Data shown -
.....
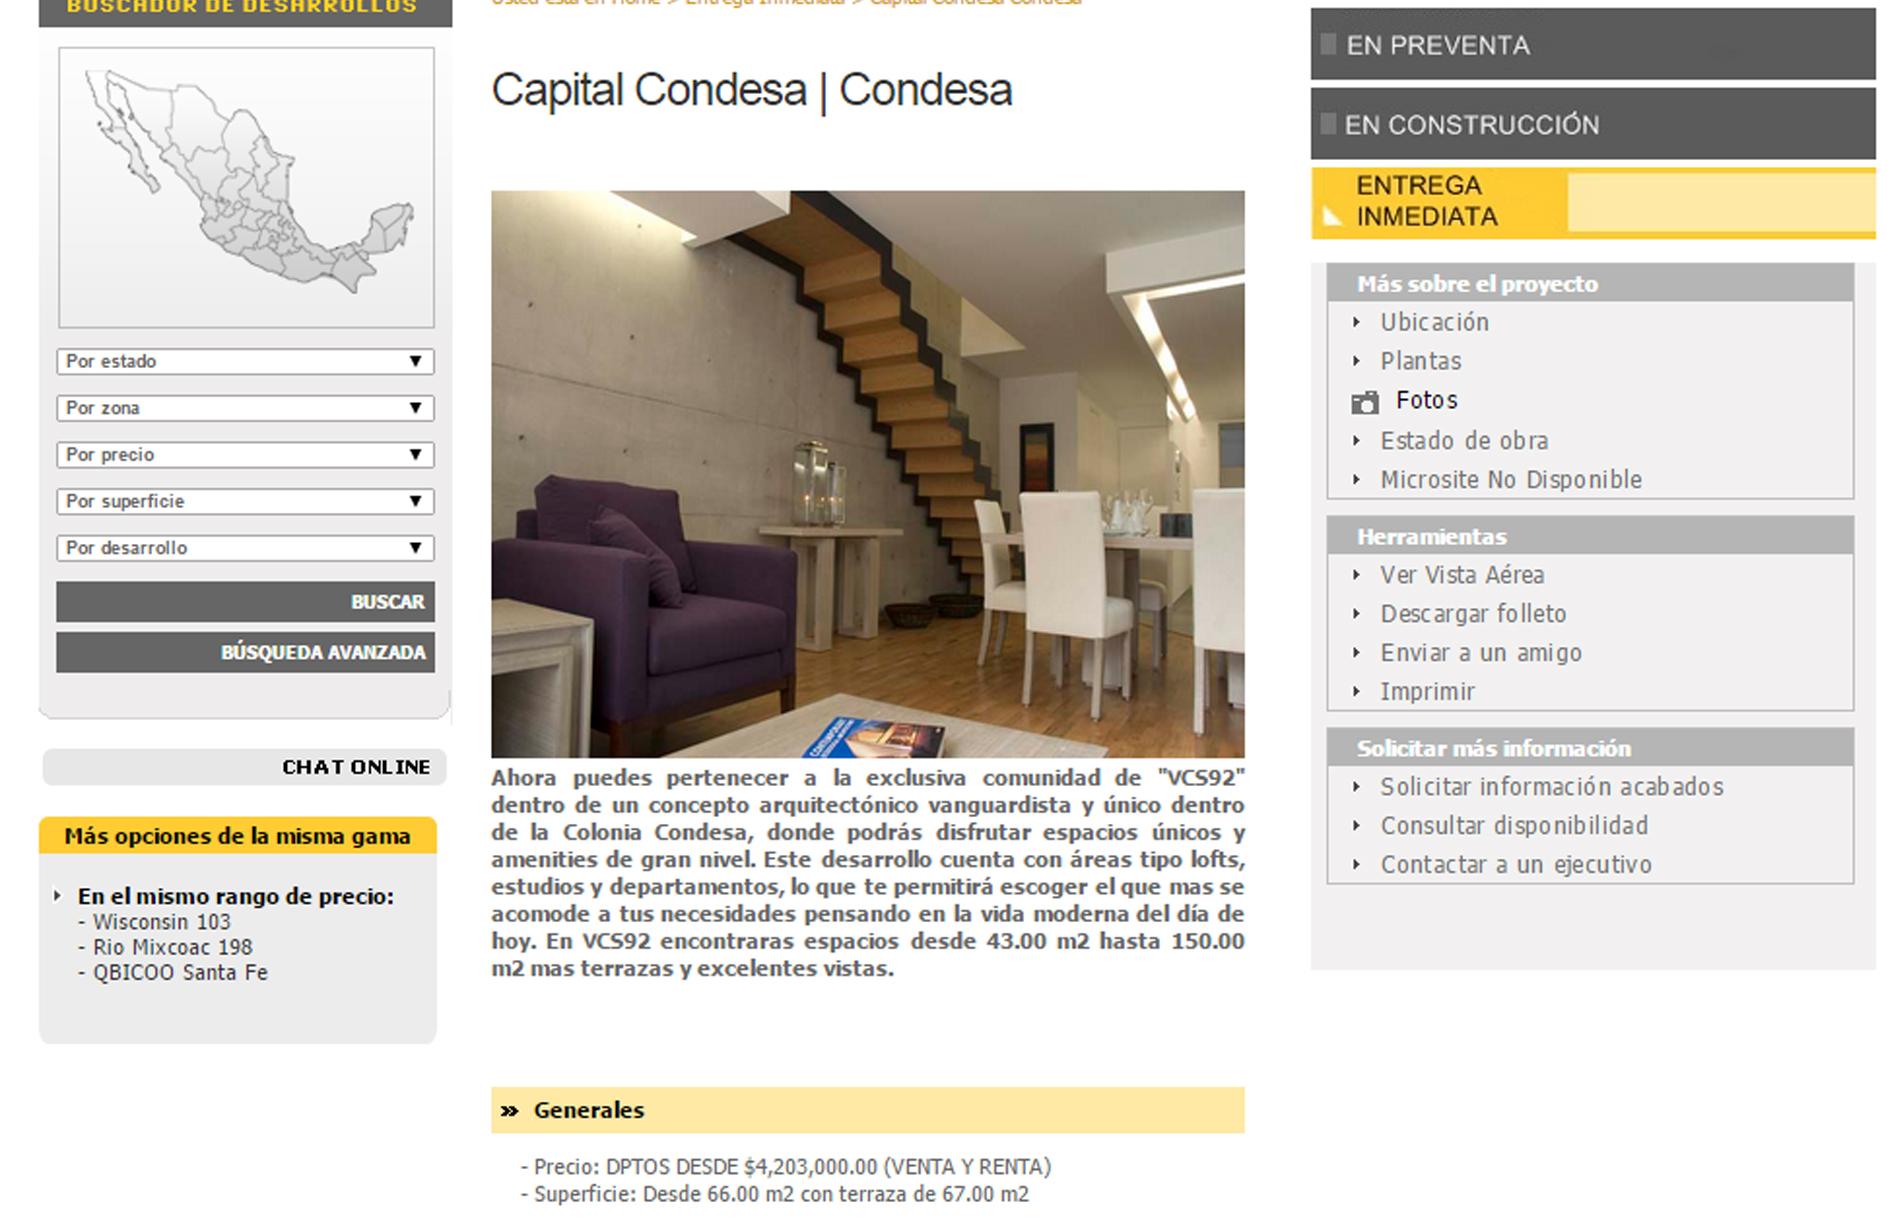 CAPITAL CONDESA precios
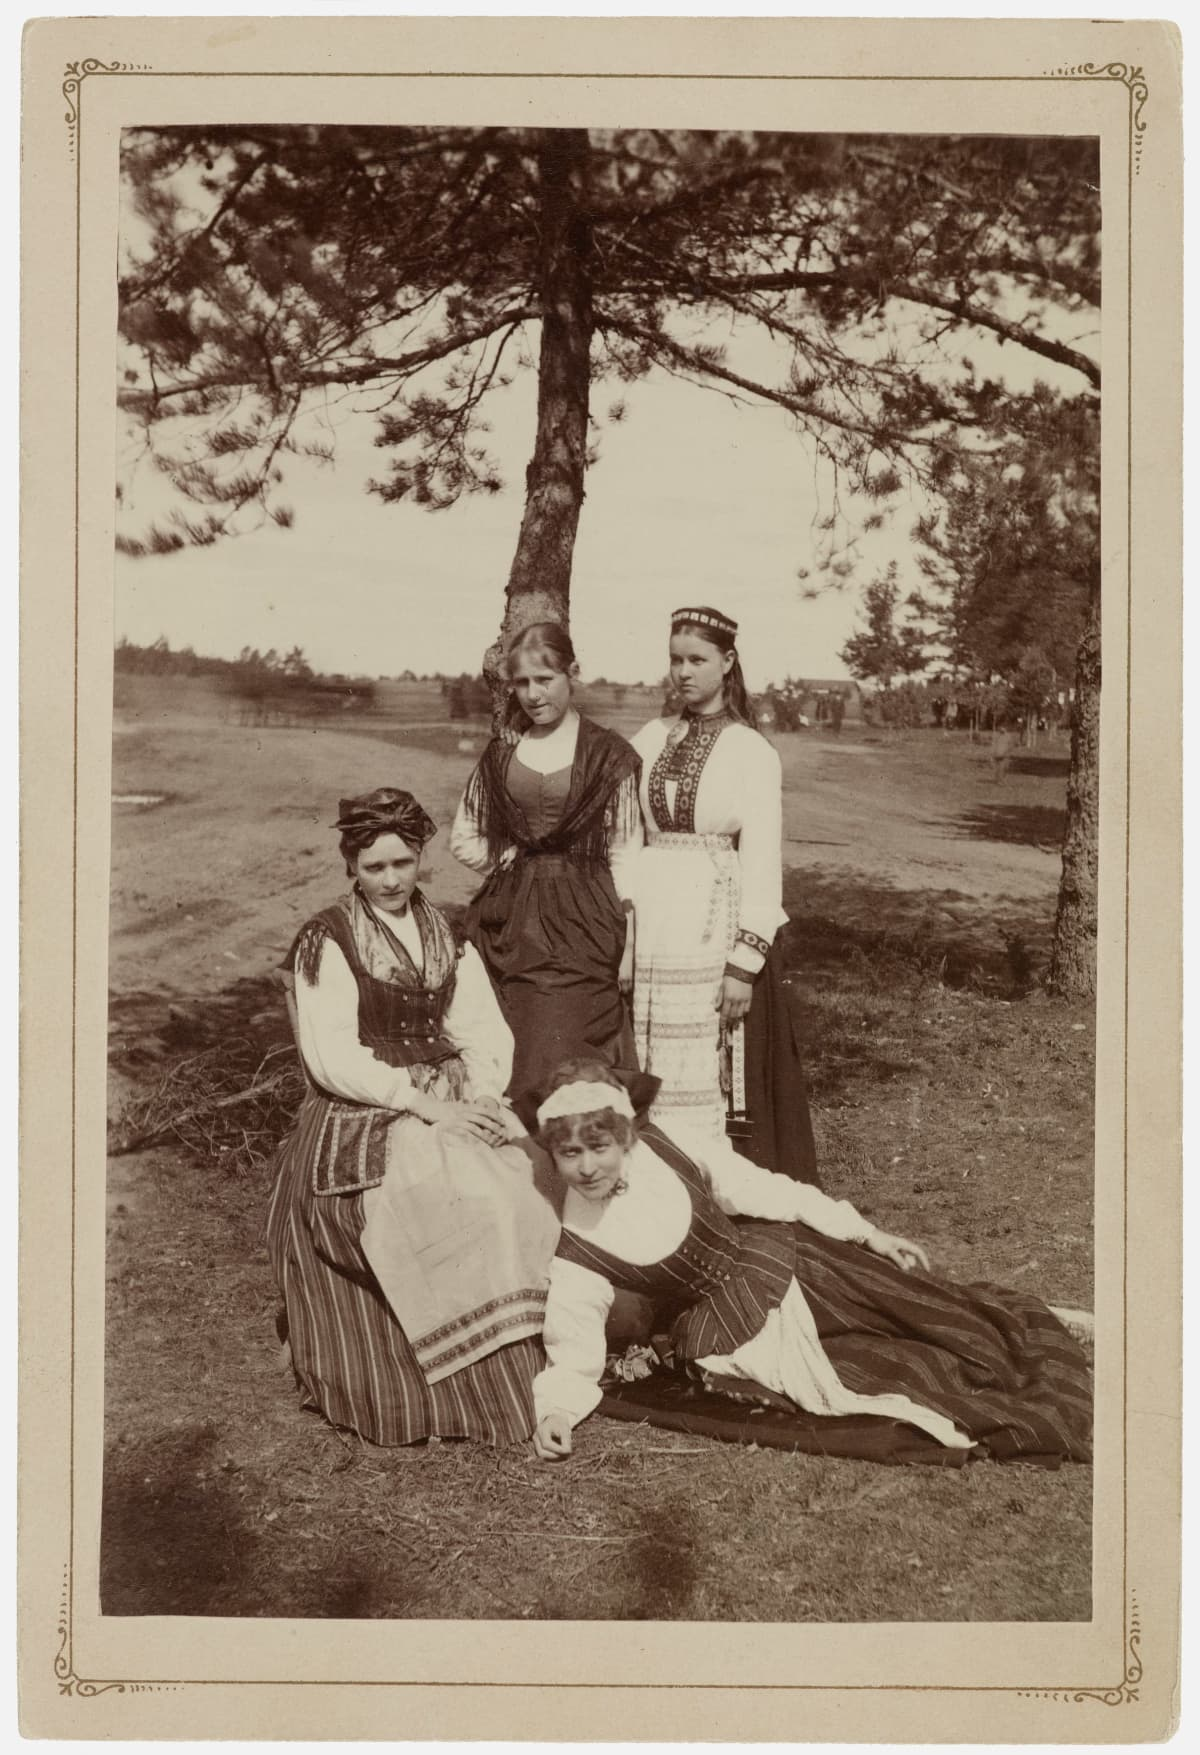 Kesäisessä mustavalkokuvassa kaksi naista seisoo, yksi istuu ja yksi, Ida Aalberg, on makuullaan.
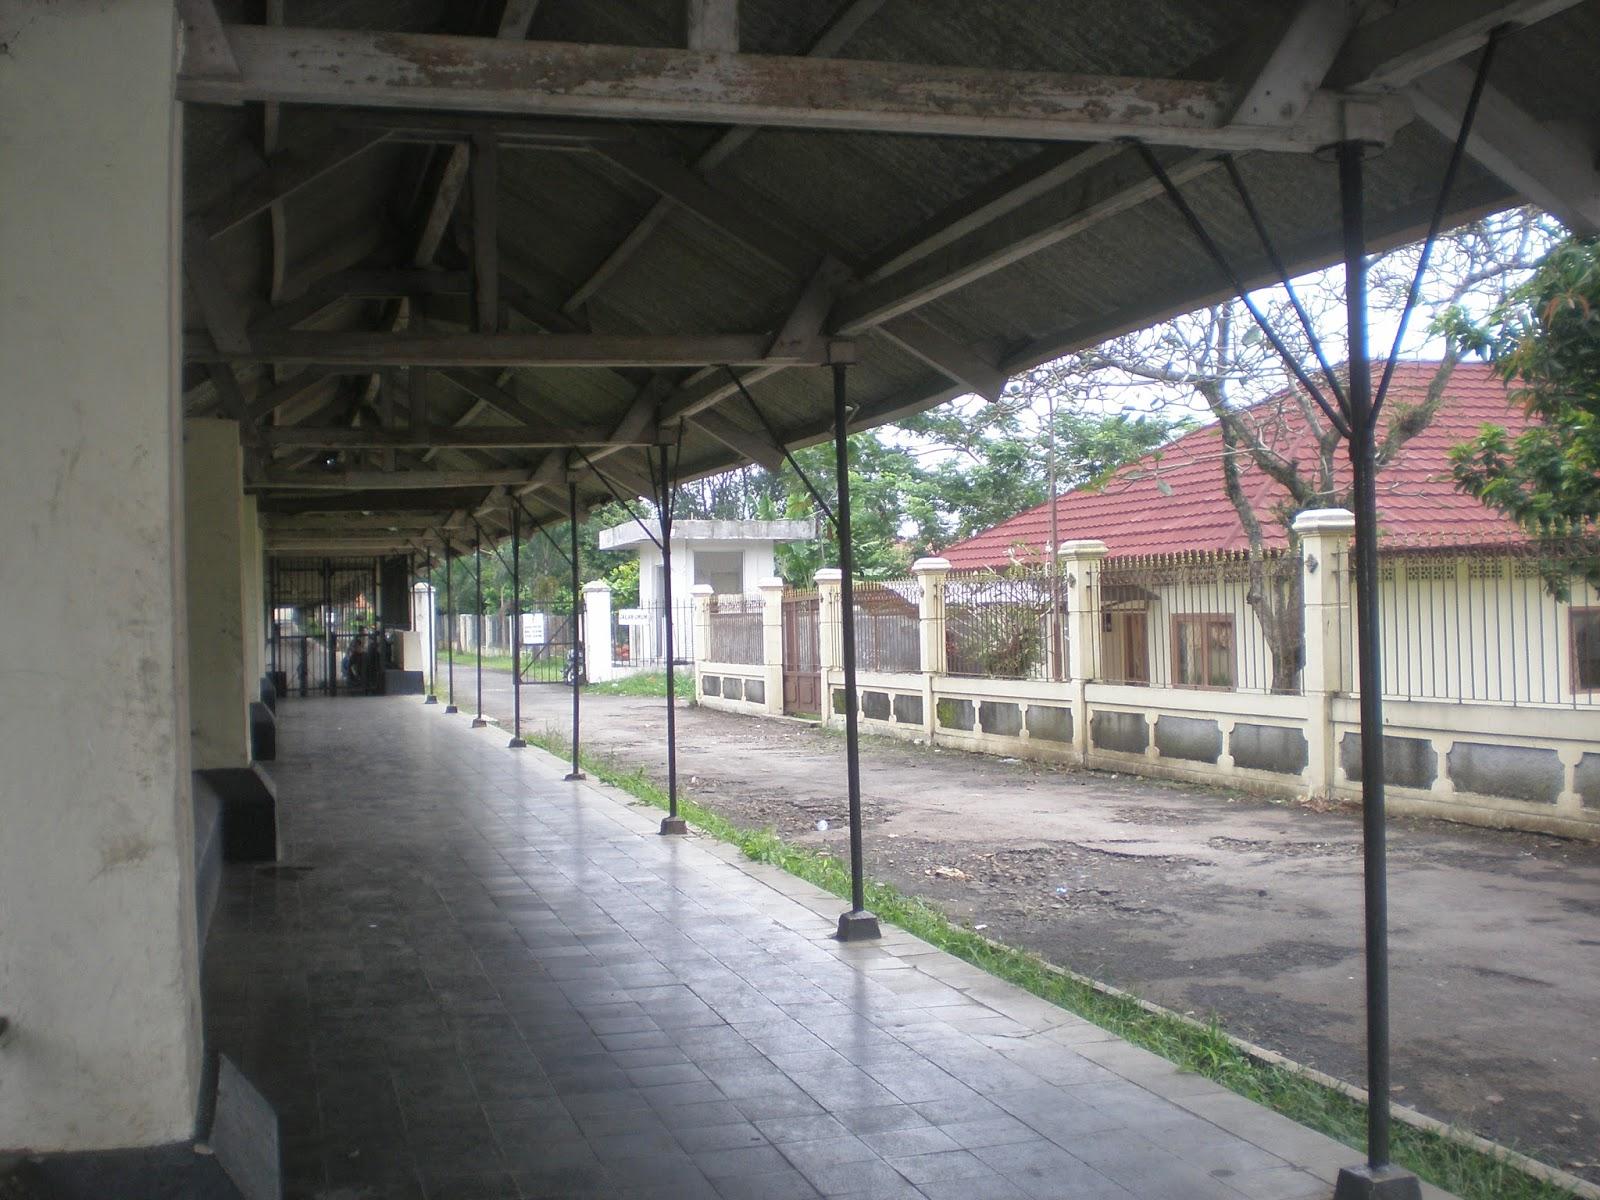 http://hendrasuhendra176.blogspot.com/2014/05/jalan-jalan-ke-bogor.html
.....
Where the line holding "Kesäisessä mustavalkokuvassa kaksi" appears, start copying, and continue exactly through the last line of the listing, both ends included, skipping the pictures.

 Kesäisessä mustavalkokuvassa kaksi naista seisoo, yksi istuu ja yksi, Ida Aalberg, on makuullaan.
 http://hendrasuhendra176.blogspot.com/2014/05/jalan-jalan-ke-bogor.html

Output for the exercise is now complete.